I ride a specialized TriCross and looking at upgrading to spds. There are too many out there and no idea what I am looking for. I am an all weather commuter so looking at the Shimano PD-R540s. I thought they look like good beginner ones. Any thoughts, tips?
many thanks


----------



## sean8997 (22 Jul 2012)

I use the M540's, had them for about 2 years now, cant grumble with them, ideal for all round cycling I think


----------



## Cubist (22 Jul 2012)

SPD SL?


----------



## tanc (22 Jul 2012)

these babies


----------



## jdtate101 (23 Jul 2012)

Unless you are using the tricross offroad then SPD-SL would be a better choice. If using offroad then SPD pedals with recessed shoes...


----------



## MattHB (23 Jul 2012)

If you have to walk ANYWHERE in your shoes, stay SPD. 

The 540s are nice


----------



## tanc (23 Jul 2012)

Thanks for the information guys. I'm know going to research and see what happens. I am a bit lost in translation.


----------



## Spiky Simon (23 Jul 2012)

I have Shimano M530 SPDs on my CX bike (these ones: http://www.on-one.co.uk/i/q/PESHM530/shimano_m530_spd_pedals). They have a bit more of a platform than most SPD pedals which makes them easy to clip into and it also means it is sort of possible to ride with trainers on, if need be. And recessed cleats mean that walking around with MTB shoes on is no problem.


----------



## tanc (23 Jul 2012)

Thanks Simon, I am just figuring that out. Oddly enough I was just looking at those online. (Wow, great price too). Extra cake for you!


----------



## tanc (23 Jul 2012)

Thanks to Simon, I have bought my new pedals. I am so excited.


----------



## Spiky Simon (23 Jul 2012)

tanc said:


> Thanks to Simon, I have bought my new pedals. I am so excited.

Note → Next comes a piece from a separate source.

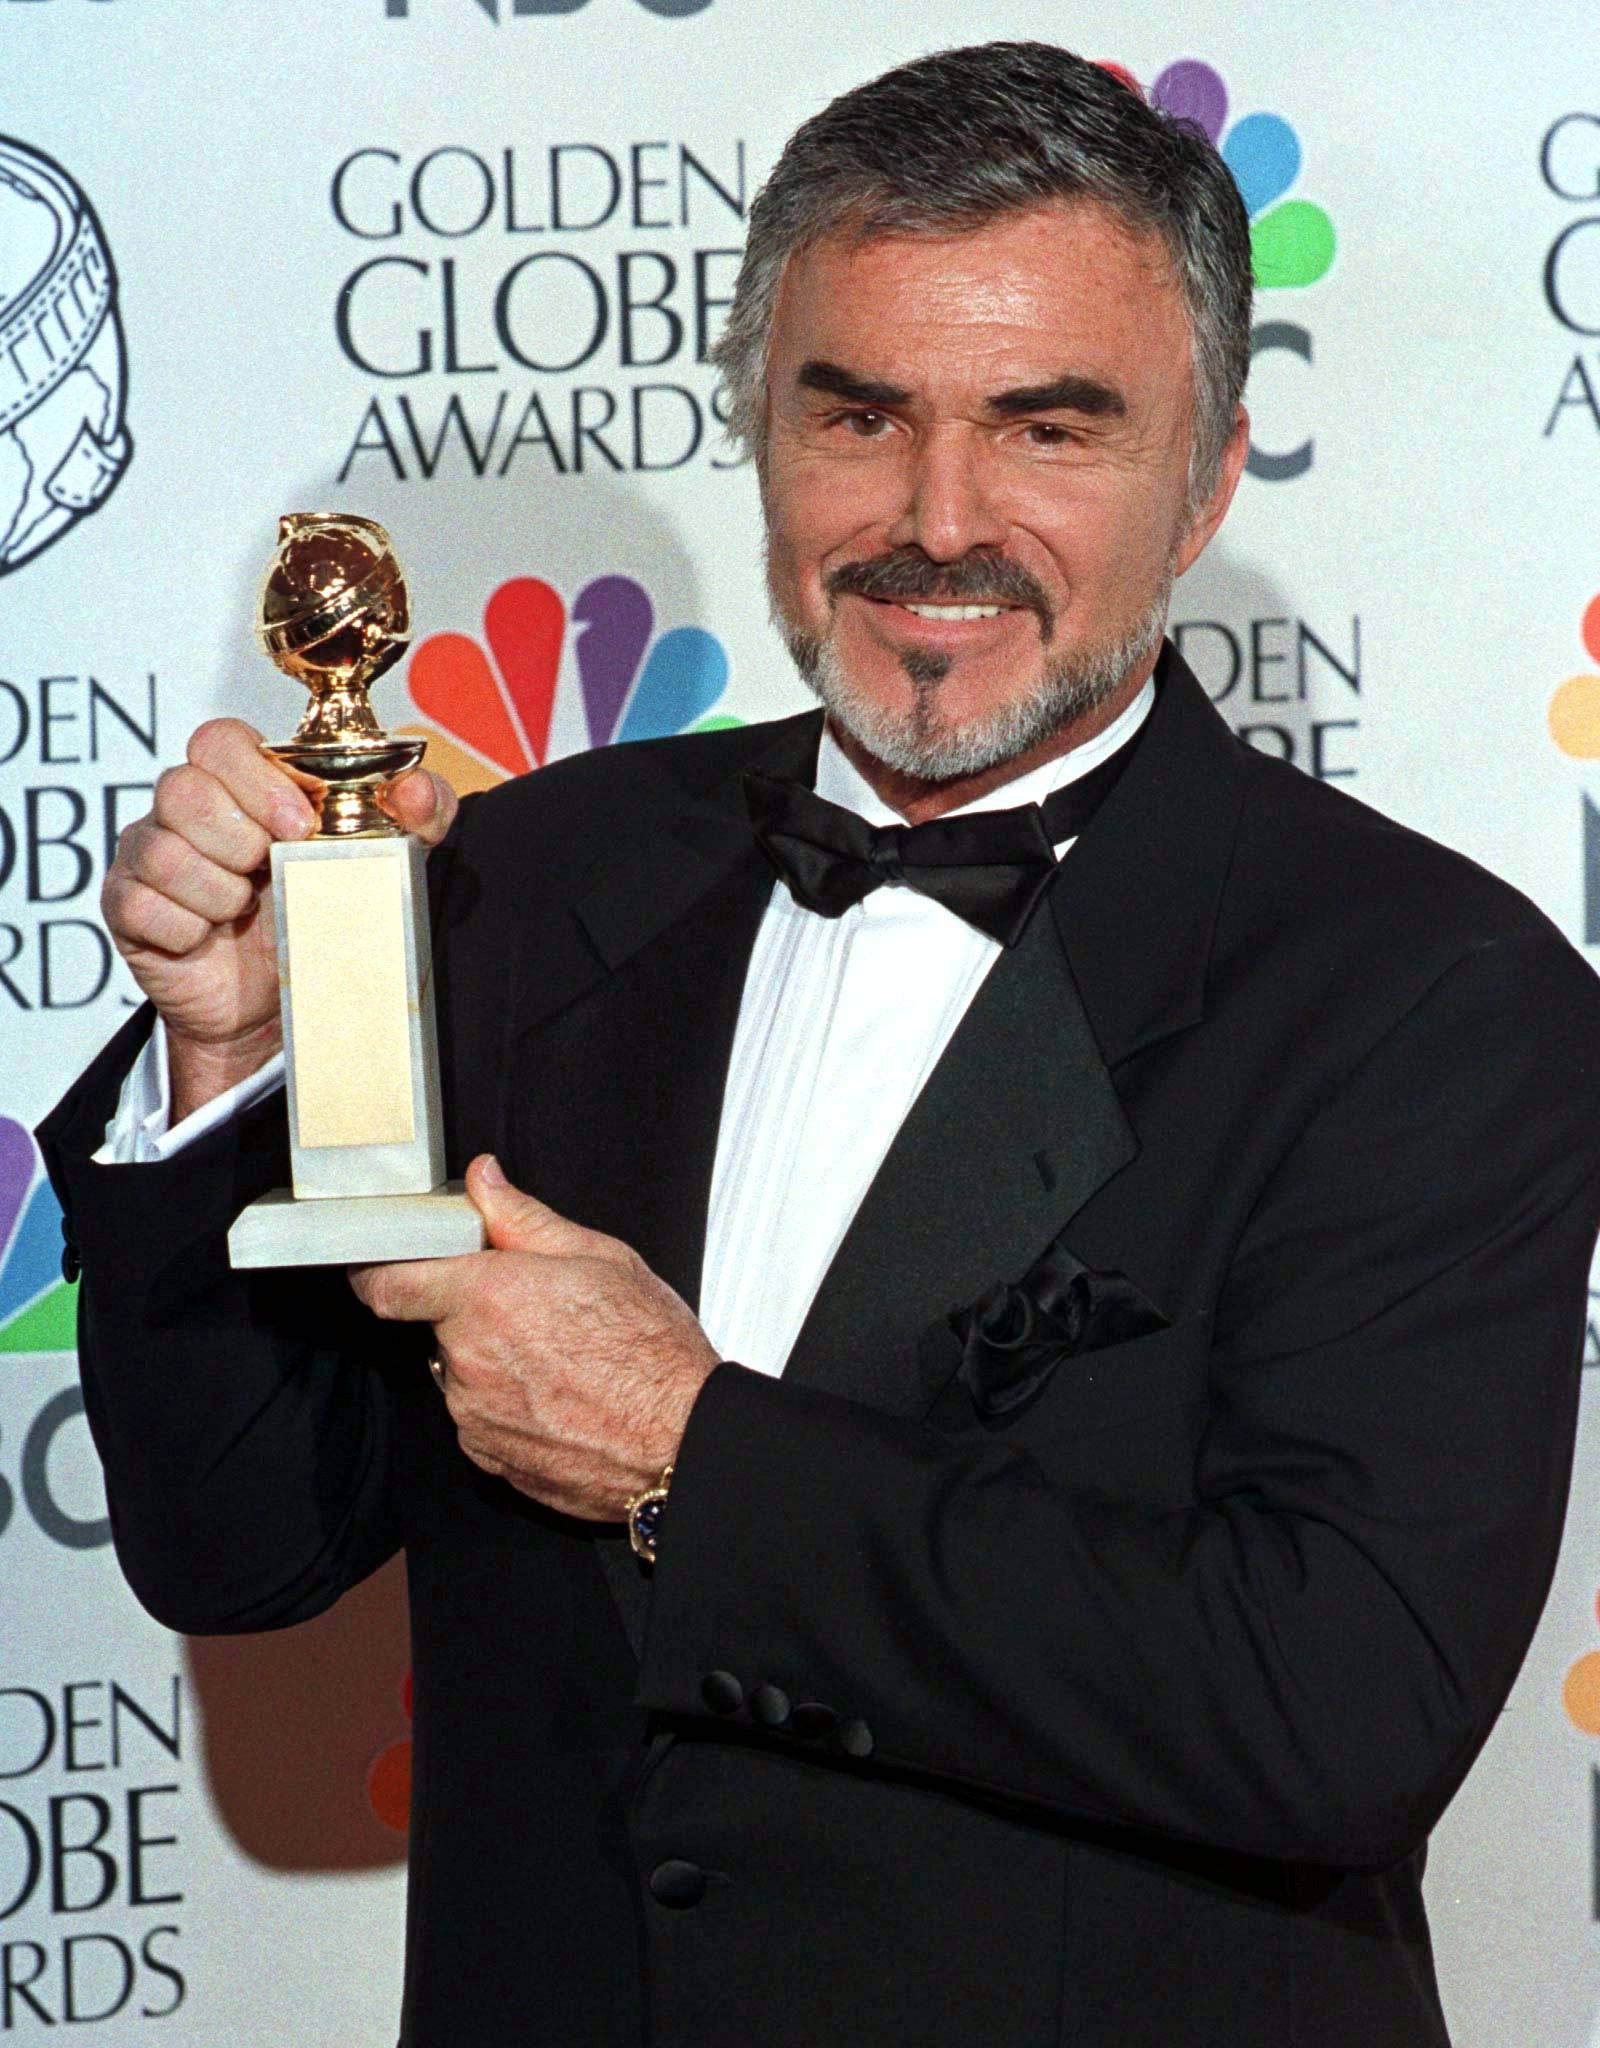 FILE PHOTO: Burt Reynolds holds his Golden Globe award won for best supporting actor in a motion picture for "Boogie Nights" at the 55th annual Goden Globe Awards in Beverly Hills

Enjoy! Just don't forget to unclip at traffic lights


----------



## tanc (24 Jul 2012)

Spiky Simon said:


> Enjoy! Just don't forget to unclip at traffic lights


 
No worries, there had training wheels on sale as well. Oh, sorry stabilizers.


----------



## Richard A Thackeray (31 Aug 2012)

I'm not sure which model SPDs I use on my cross-bike, but they are a lot more 'open' than the ones on my commuter/trainer, hence allowing mud to fall through/clear
However, that plan didn't always work out......


----------